Write the Main Class​

my_guardrail.py:

import os
from typing import Optional, List
from fastapi import HTTPException

from litellm.integrations.custom_guardrail import CustomGuardrail
from litellm.types.guardrails import PiiEntityType
from litellm._logging import verbose_proxy_logger
from litellm.llms.custom_httpx.http_handler import (
get_async_httpx_client,
httpxSpecialProvider,
)

class MyGuardrail(CustomGuardrail):
def __init__(self, api_key: Optional[str] = None, api_base: Optional[str] = None, **kwargs):
self.api_key = api_key or os.getenv("MY_GUARDRAIL_API_KEY")
self.api_base = api_base or os.getenv("MY_GUARDRAIL_API_BASE", "https://api.myguardrail.com")
super().__init__(default_on=True)

async def apply_guardrail(
self,
text: str,
language: Optional[str] = None,
entities: Optional[List[PiiEntityType]] = None,
request_data: Optional[dict] = None,
) -> str:
result = await self._check_with_api(text, request_data)

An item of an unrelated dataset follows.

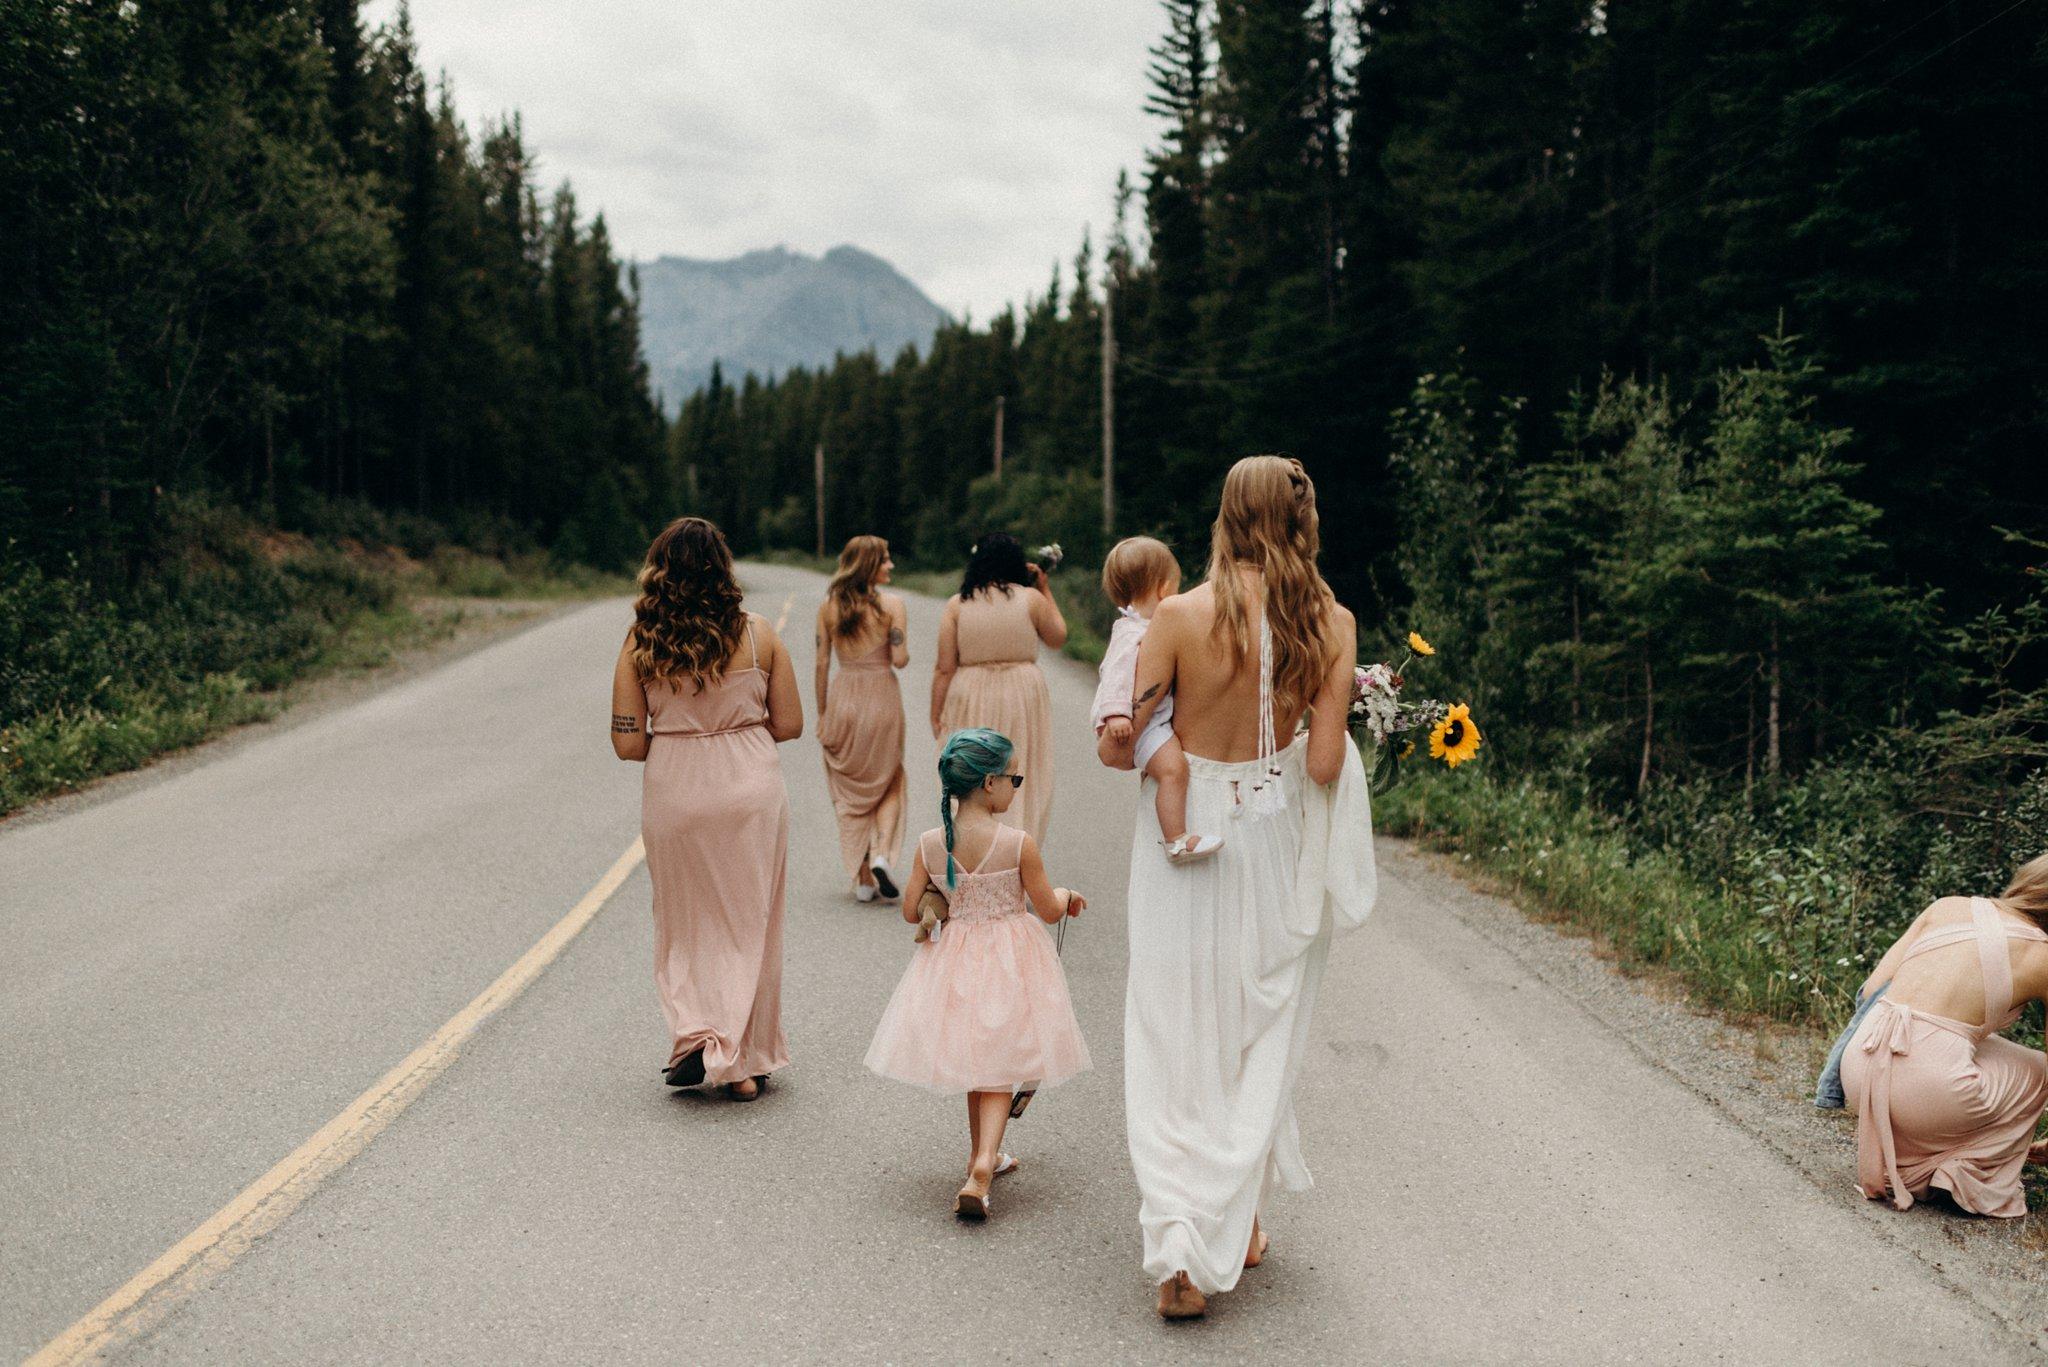 kaihla_tonai_intimate_wedding_elopement_photographer_6356.jpg

if result.get("action") == "BLOCK":
raise Exception(f"Content blocked: {result.get('reason', 'Policy violation')}")

return text

async def _check_with_api(self, text: str, request_data: Optional[dict]) -> dict:
async_client = get_async_httpx_client(llm_provider=httpxSpecialProvider.LoggingCallback)

headers = {
"Content-Type": "application/json",
"Authorization": f"Bearer {self.api_key}",
}

response = await async_client.post(
f"{self.api_base}/check",
headers=headers,
json={"text": text},
timeout=5,
)

response.raise_for_status()
return response.json()

Create the Init File​

__init__.py:

from typing import TYPE_CHECKING

from litellm.types.guardrails import SupportedGuardrailIntegrations

from .my_guardrail import MyGuardrail

if TYPE_CHECKING:
from litellm.types.guardrails import Guardrail, LitellmParams


def initialize_guardrail(litellm_params: "LitellmParams", guardrail: "Guardrail"):
import litellm

_my_guardrail_callback = MyGuardrail(
api_base=litellm_params.api_base,
api_key=litellm_params.api_key,
guardrail_name=guardrail.get("guardrail_name", ""),
event_hook=litellm_params.mode,
default_on=litellm_params.default_on,
)

litellm.logging_callback_manager.add_litellm_callback(_my_guardrail_callback)
return _my_guardrail_callback


guardrail_initializer_registry = {
SupportedGuardrailIntegrations.MY_GUARDRAIL.value: initialize_guardrail,
}

guardrail_class_registry = {
SupportedGuardrailIntegrations.MY_GUARDRAIL.value: MyGuardrail,
}

Register Your Guardrail Type​

Add to litellm/types/guardrails.py:

class SupportedGuardrailIntegrations(str, Enum):
LAKERA = "lakera_prompt_injection"
APORIA = "aporia"
BEDROCK = "bedrock_guardrails"
PRESIDIO = "presidio"
ZSCALER_AI_GUARD = "zscaler_ai_guard"
MY_GUARDRAIL = "my_guardrail"

Usage​

Config File​

model_list:
- model_name: gpt-4
litellm_params:
model: gpt-4
api_key: os.environ/OPENAI_API_KEY

litellm_settings:
guardrails:
- guardrail_name: my_guardrail
litellm_params:
guardrail: my_guardrail
mode: during_call
api_key: os.environ/MY_GUARDRAIL_API_KEY
api_base: https://api.myguardrail.com

Per-Request​

curl --location 'http://localhost:4000/chat/completions' \
--header 'Authorization: Bearer sk-1234' \
--header 'Content-Type: application/json' \
--data '{
"model": "gpt-4",
"messages": [{"role": "user", "content": "Test message"}],
"guardrails": ["my_guardrail"]
}'

Testing​

Add unit tests inside test_litellm/ folder.